→ **Collected data**

-.-.-

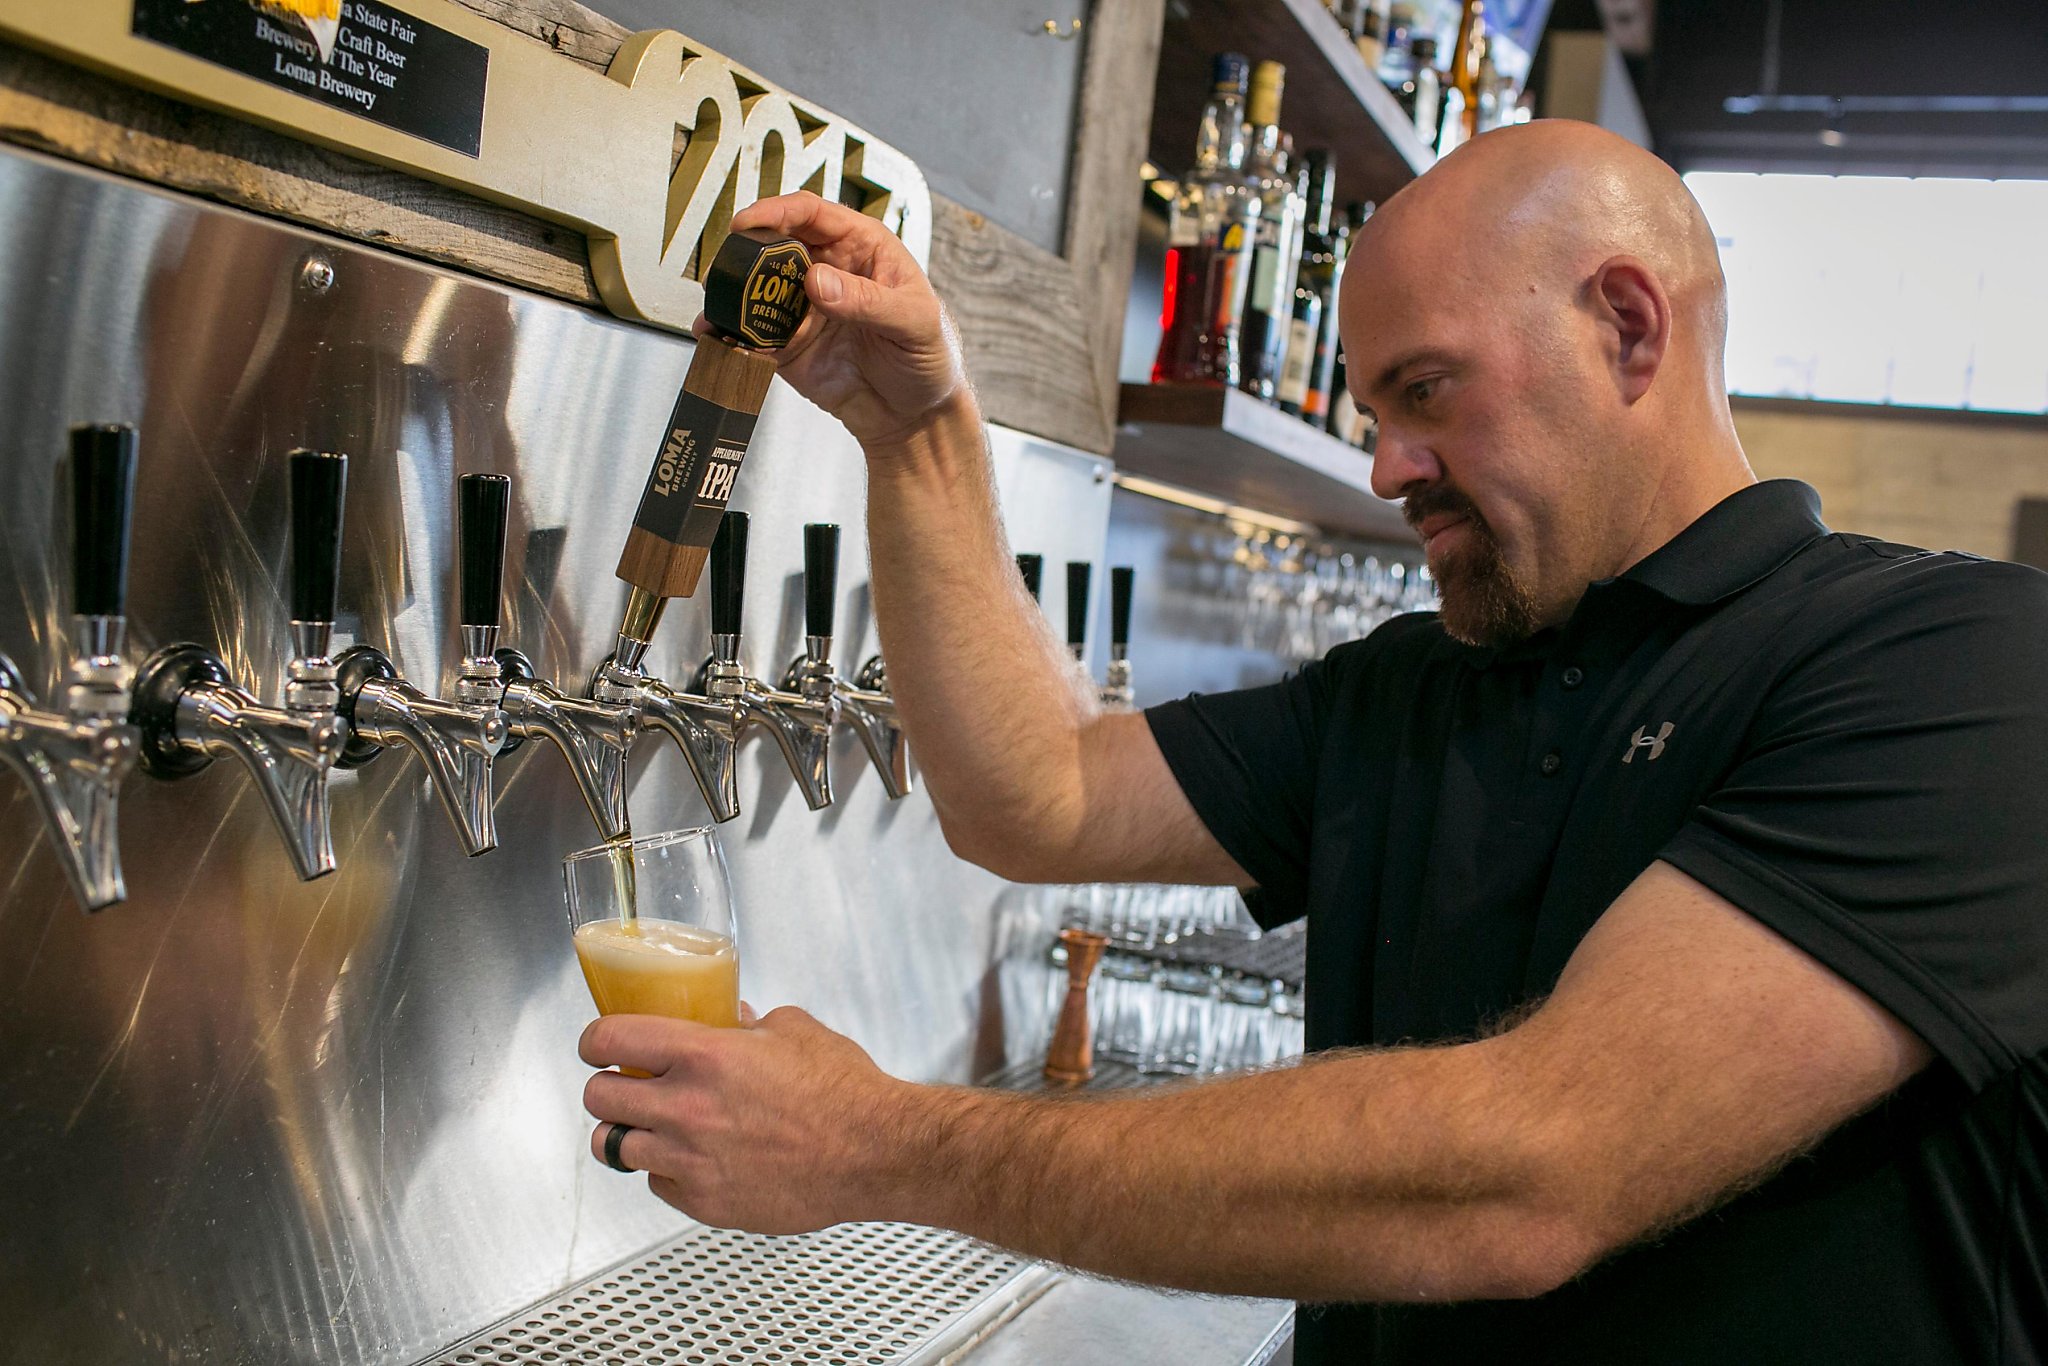 Former baseball player Kevin Youkilis has another hit with beer
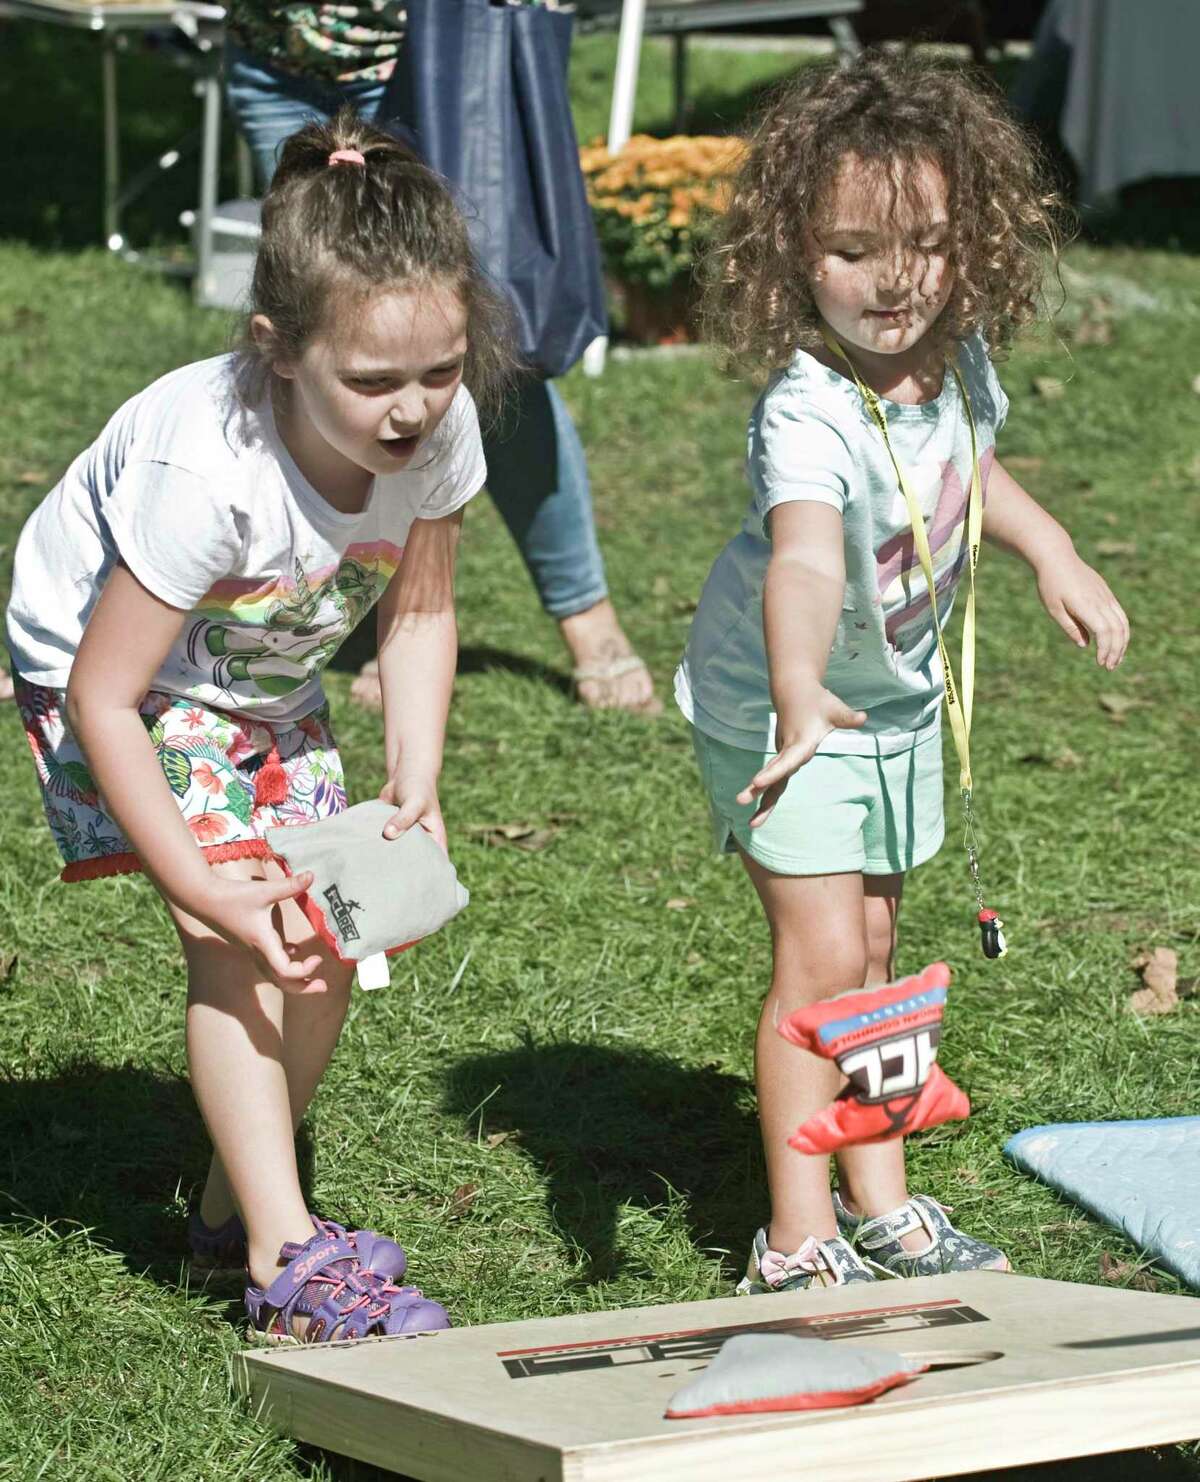 Taylor DeDiase, 6 of Brookfield, and her sister Remi, 4, doing the bean bag game at the Apple Festival on the New Milford town green. Saturday, Sept. 25, 2021
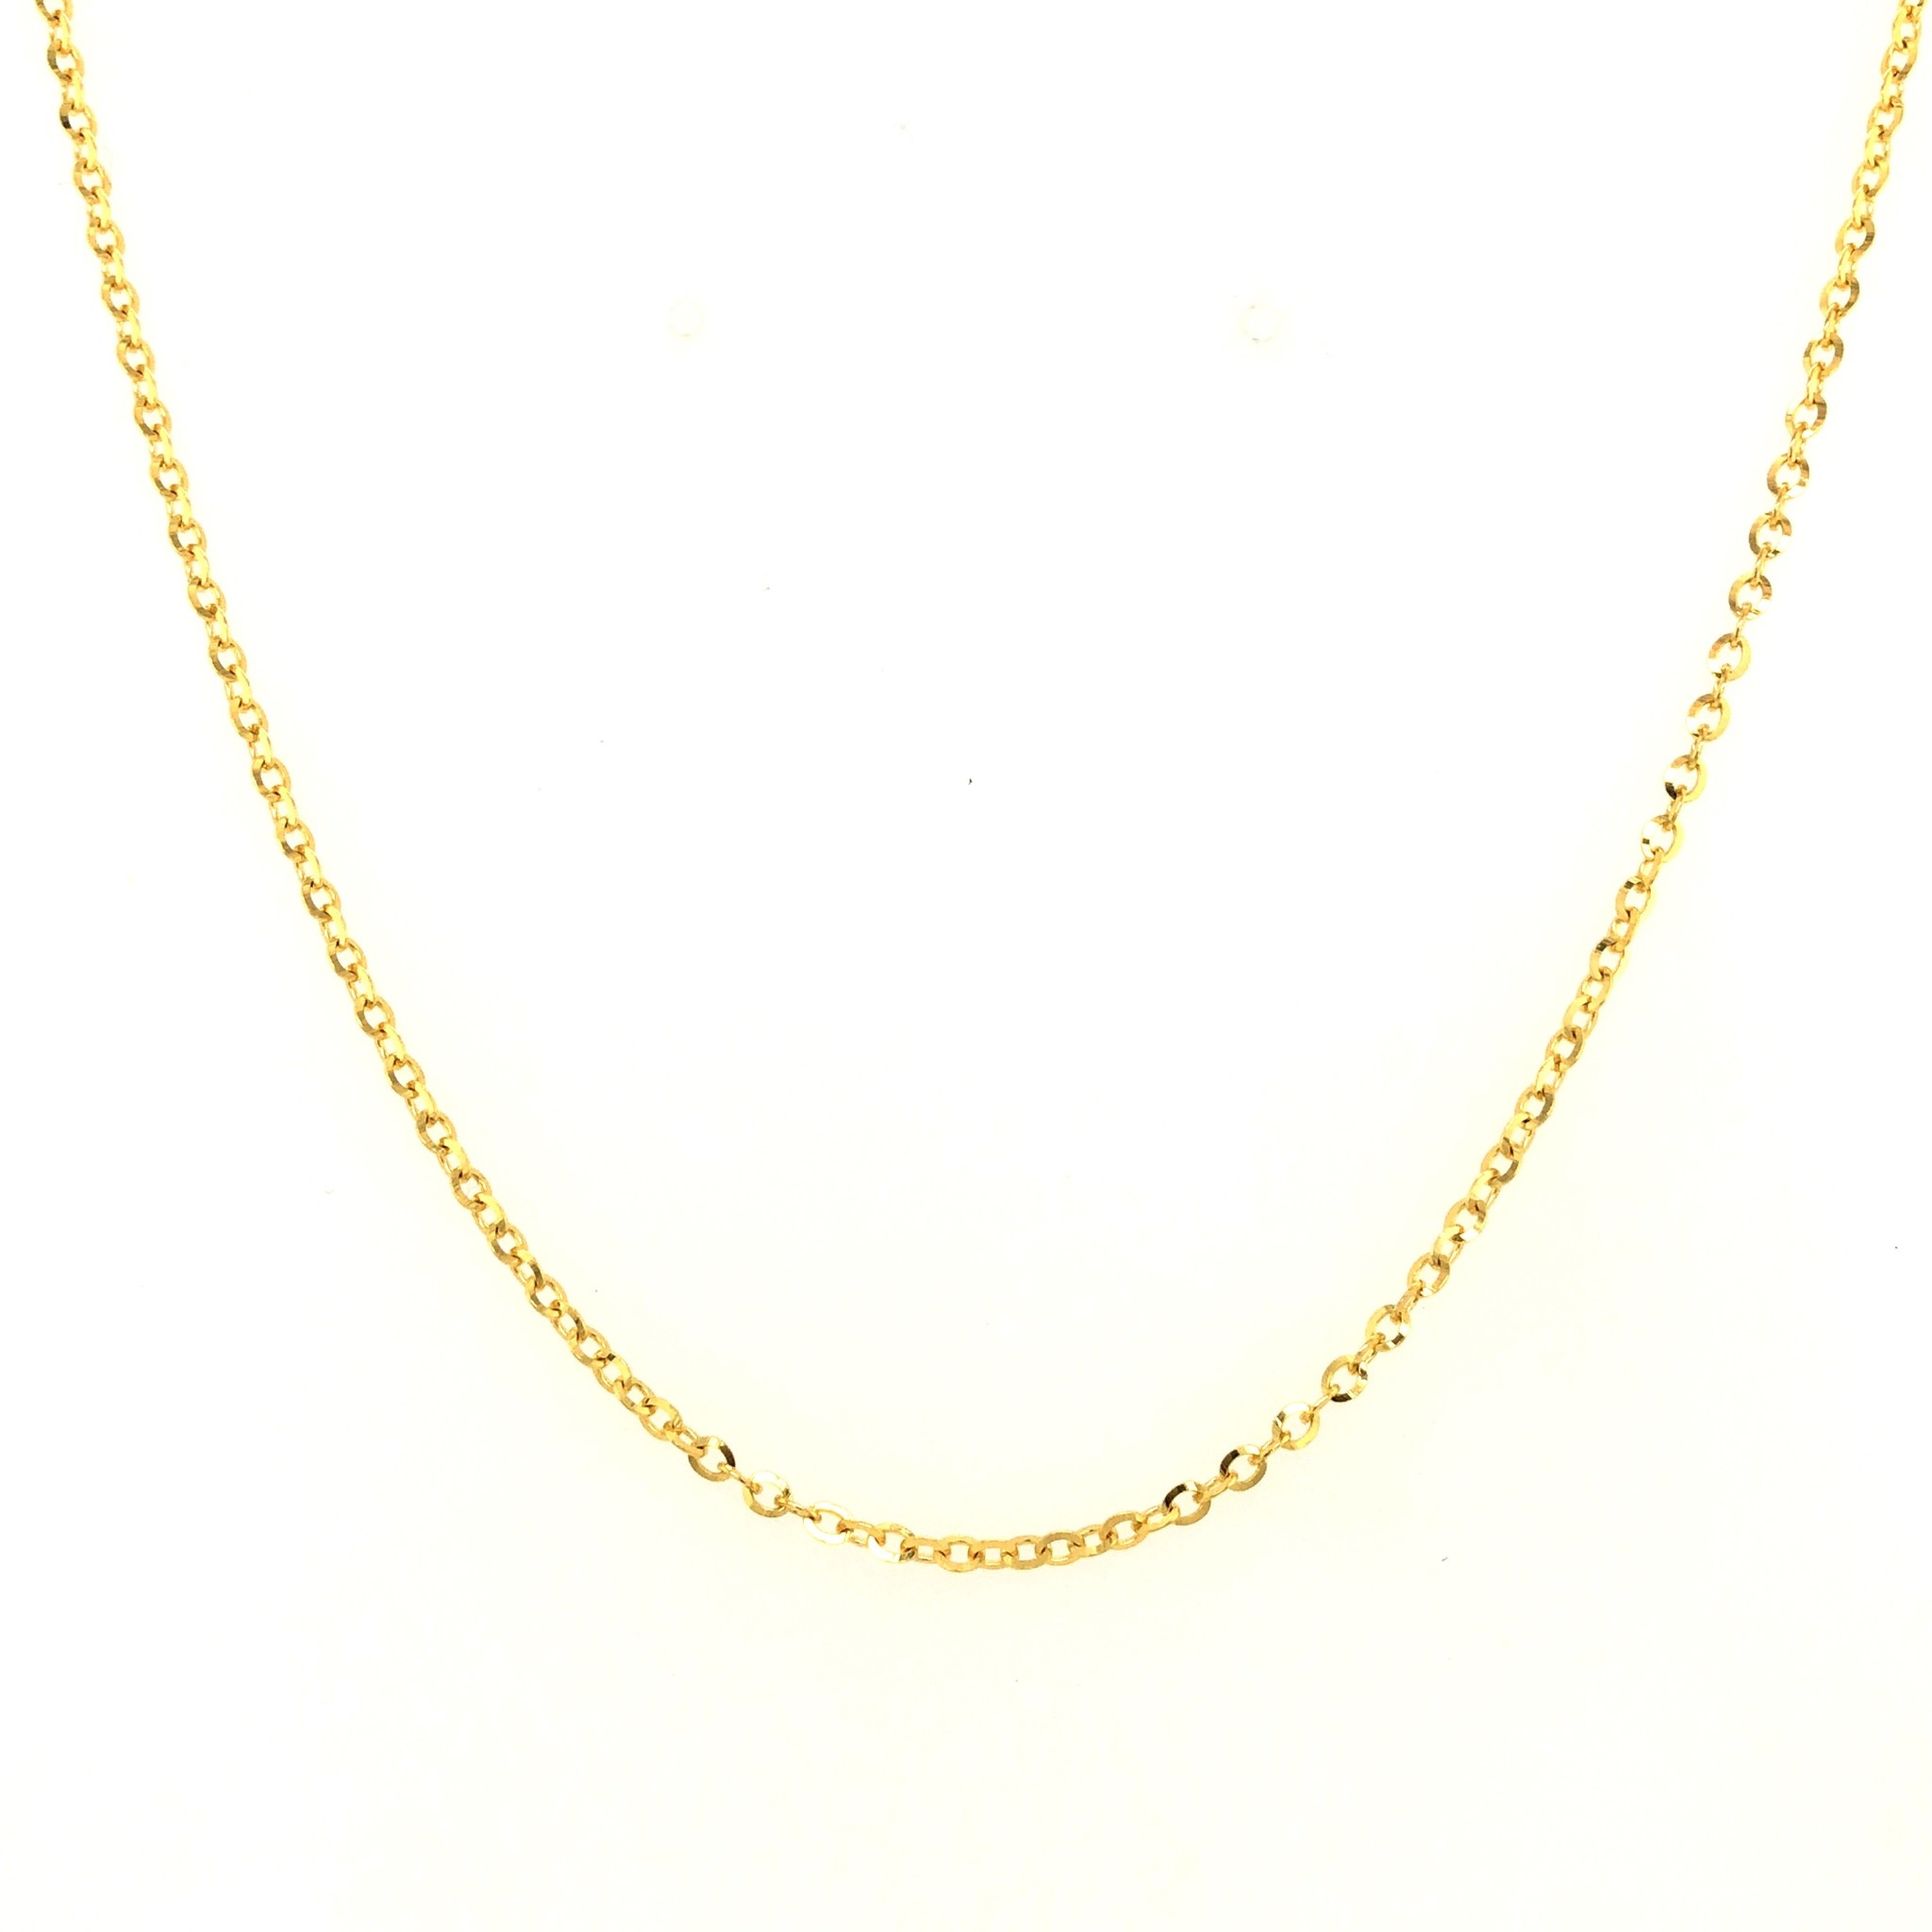 50139 18K YELLOW GOLD 18" CABLE LINK CHAIN

-.-.-

→ **Problem to solve**
Everything but the pictures is needed: copy the data above exactly.

→ **Exercise output**
 Former baseball player Kevin Youkilis has another hit with beer
 Taylor DeDiase, 6 of Brookfield, and her sister Remi, 4, doing the bean bag game at the Apple Festival on the New Milford town green. Saturday, Sept. 25, 2021
 50139 18K YELLOW GOLD 18" CABLE LINK CHAIN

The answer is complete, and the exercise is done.